I’m not sure if it was the pethidine or having spent about 4 hours inhaling nitrous oxide, but I remember shortly after the shot I was kneeling on the bed with the head raised for me to lean on, and with each contraction I was having what can only be described as a “detached” experience… I was being talked through my breathing by the midwife who had a very odd accent, and I felt like I was no longer in my own head. Not an out of body experience because physically I felt “there”, it was just the weirdest mental trip ever.

I don’t recall much between that point, and a few hours later when the midwife finished her shift and a new midwife started, must have been approx. 6am by then and I’d been up since just after 7am the day before. I didn’t feel overly tired at the time, and 9(?) hours of labour had gone by in what felt more like 3-4 hours. Karl probably disagrees as I’d had him standing up giving me back rubs, as well as holding my hand, poor bugger.

It was another couple of hours before the midwife asked me if I’d had any urges to push (er, no). I had to change positions on the bed so that she could break my waters (didn’t hurt, didn’t feel anything, I was just suddenly lying in a big wet patch), and I had another shot of pethidine because the other had worn off. Breaking my waters did the trick because shortly afterwards I knew I needed to push.

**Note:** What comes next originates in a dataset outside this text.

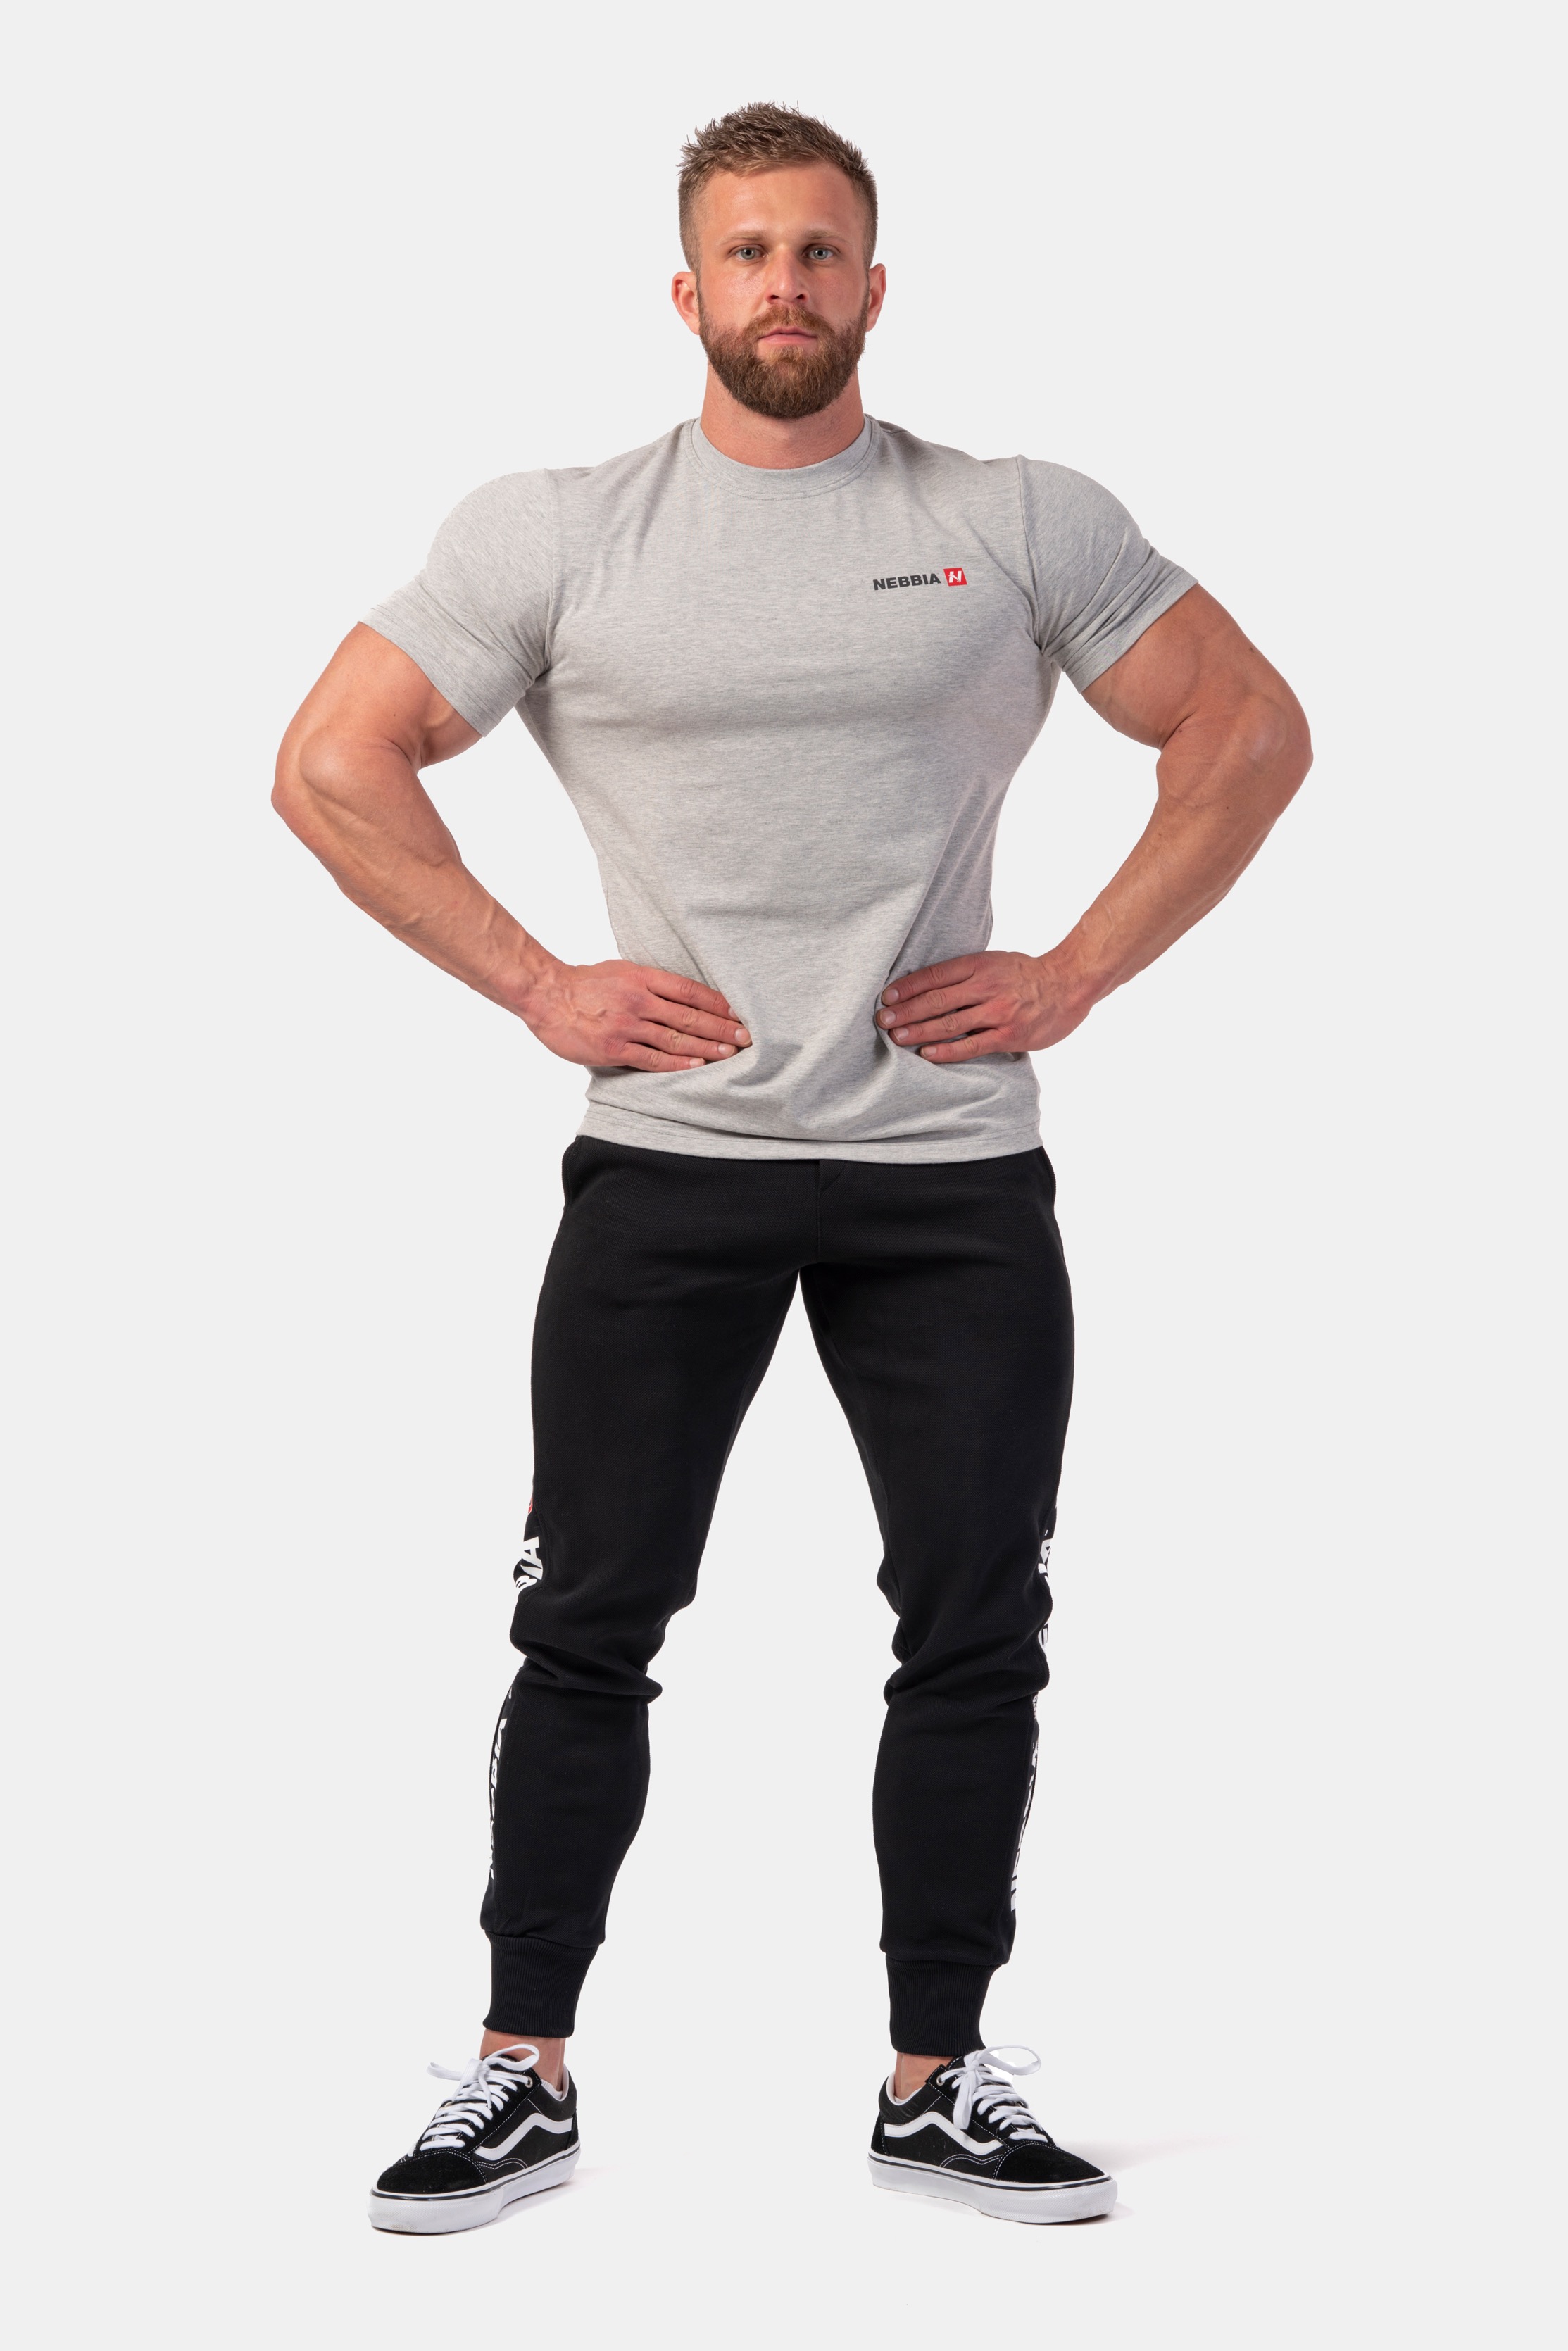 nebbia-ferfi-fitness-polo-minimalist-logo-291-light-grey

It took half an hour of pushing to deliver Isabel, although the majority of that didn’t seem to be achieving anything. At one stage the midwife made me put down the gas and air because she thought I was concentrating more on that than pushing. I was actually just suffering from excruciating back pain — because I was lying down.. worst decision ever — made worse each time I tried to push. It felt like my spine was being torn out, and I screamed more swear words than I realised I knew. It got to the point where I was in so much agony I just lay there crying at the midwife that I couldn’t do it (not really sure what I expected her to do, it’s not like I could change my mind at that point!)

I made my biggest “mistake” right at the end, as Isabel was born. Because I was tired, and in pain, I gave one last huge push to finish off, which didn’t give the midwife time to “help” her out… Isabel turned too quickly and I ended up tearing. I had at least 6 labial stitches (TMI, yay) — I’d not even realised prior that you can tear that way — and lost 400ml of blood. I remember seeing some on the wall at the end of the bed! It sounds scarier than it was, though; and well worth it for such a lovely ‘prize’.